## Problem to solve
From the first line to the last, restate the material word for word, omitting pictures.

## Available data
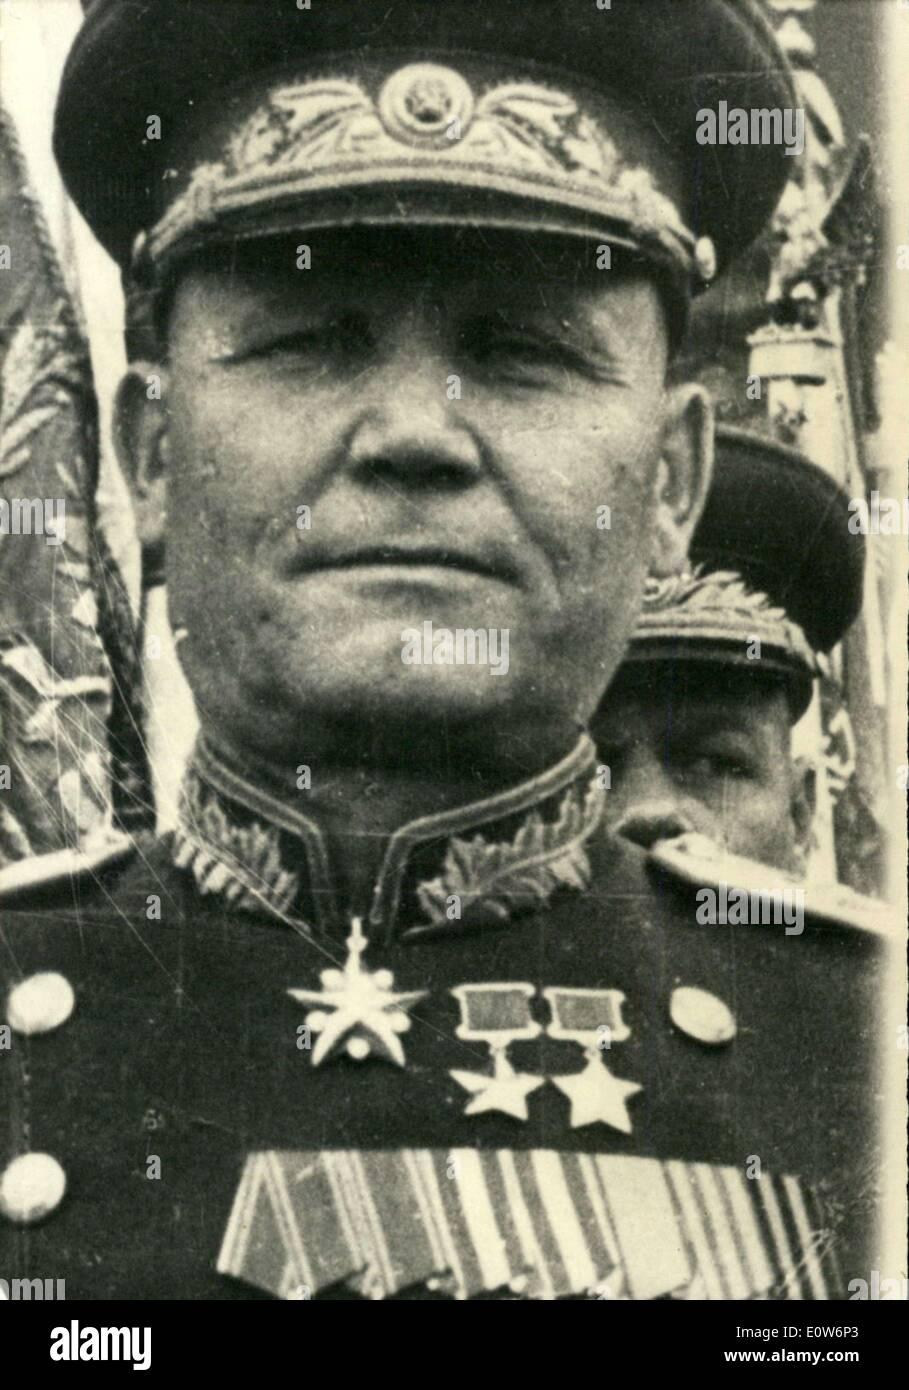 Le 11 août 1961 - Mal Koniev, commandant des troupes russes à Berlin circa 1945 APRESS.co Photo Stock
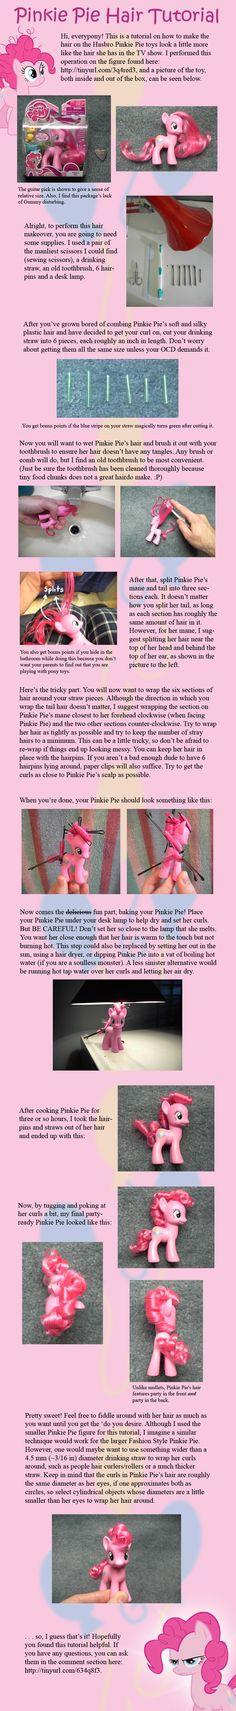 Pinkie Pie Hair Tutorial by ~countschlick on deviantART Awwwww how cute
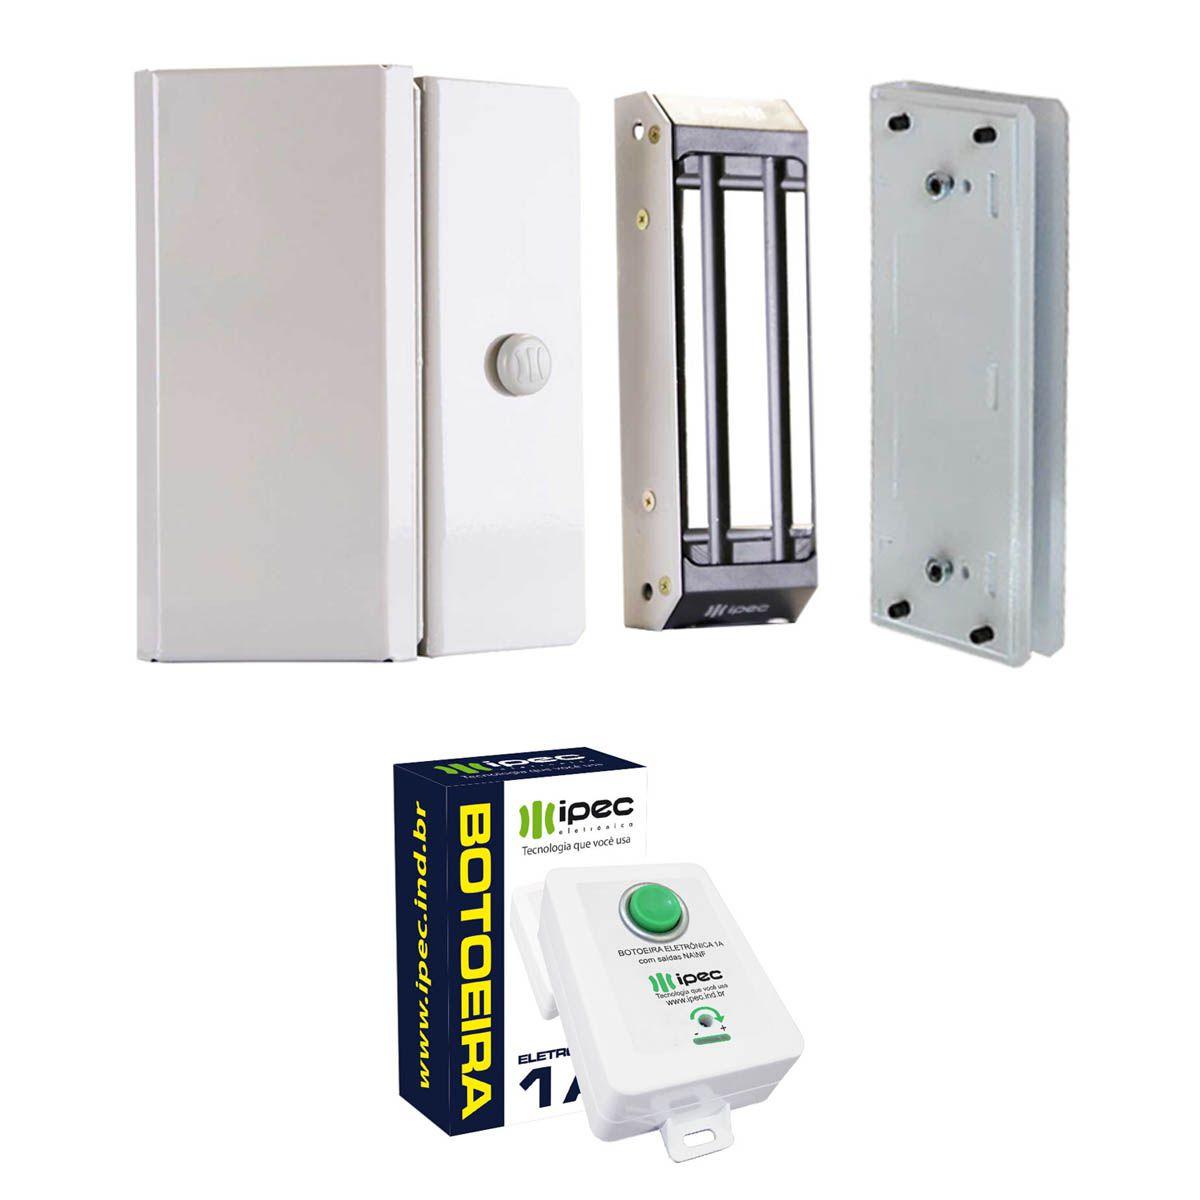 Kit Fechadura Magnética M150 Porta Vidro com Botoeira Eletrônica

## Task response
 Le 11 août 1961 - Mal Koniev, commandant des troupes russes à Berlin circa 1945 APRESS.co Photo Stock
 Pinkie Pie Hair Tutorial by ~countschlick on deviantART Awwwww how cute
 Kit Fechadura Magnética M150 Porta Vidro com Botoeira Eletrônica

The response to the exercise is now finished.